PROVIDED DATA |
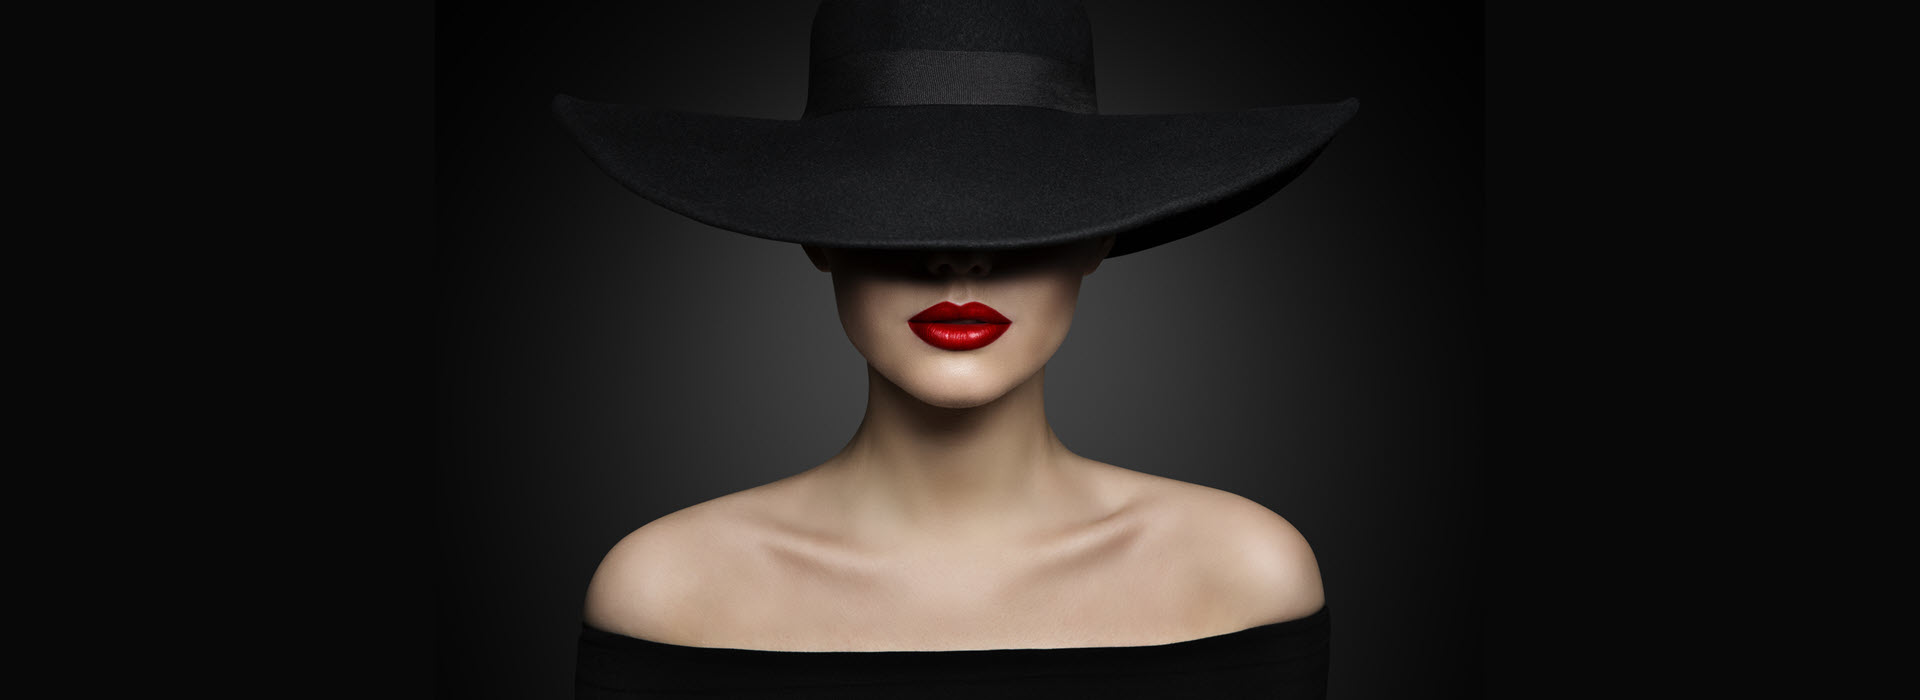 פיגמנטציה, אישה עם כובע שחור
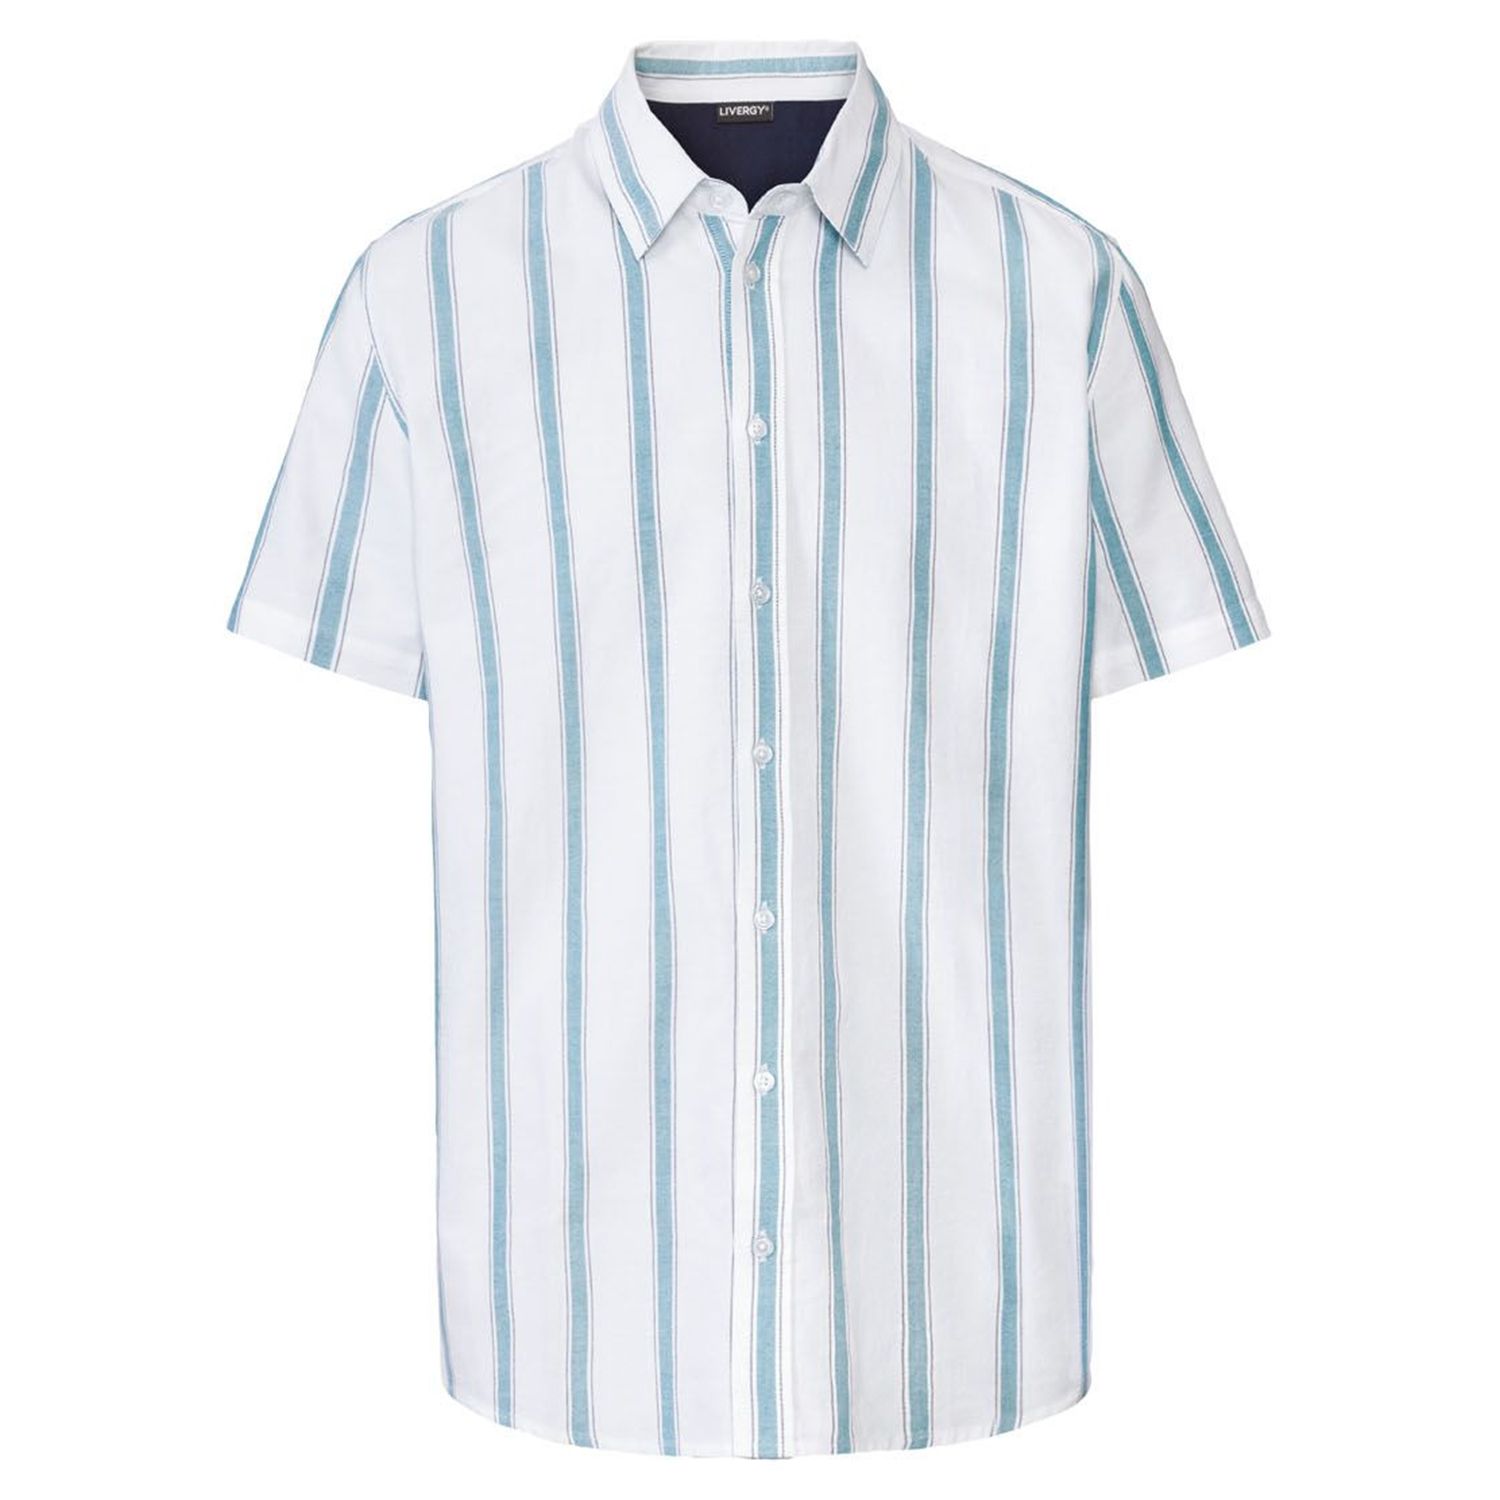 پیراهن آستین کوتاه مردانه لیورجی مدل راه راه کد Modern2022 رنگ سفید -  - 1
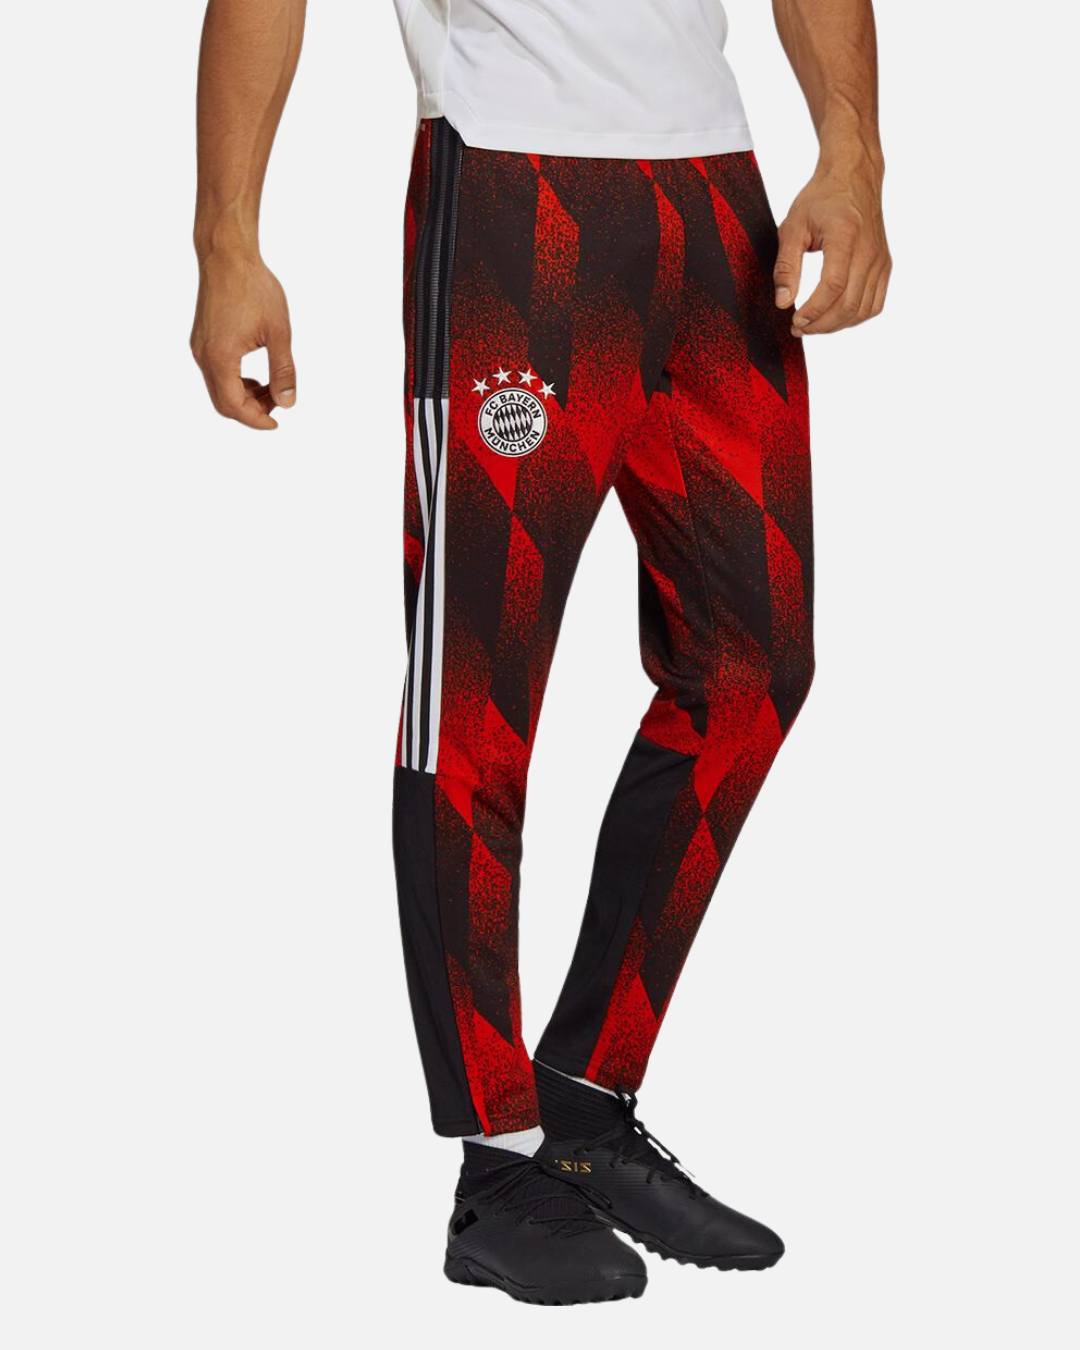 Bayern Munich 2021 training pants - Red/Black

EXERCISE GOAL |
Restate the material above word for word, dropping the pictures.

YOUR RESPONSE |
 פיגמנטציה, אישה עם כובע שחור
 پیراهن آستین کوتاه مردانه لیورجی مدل راه راه کد Modern2022 رنگ سفید -  - 1
 Bayern Munich 2021 training pants - Red/Black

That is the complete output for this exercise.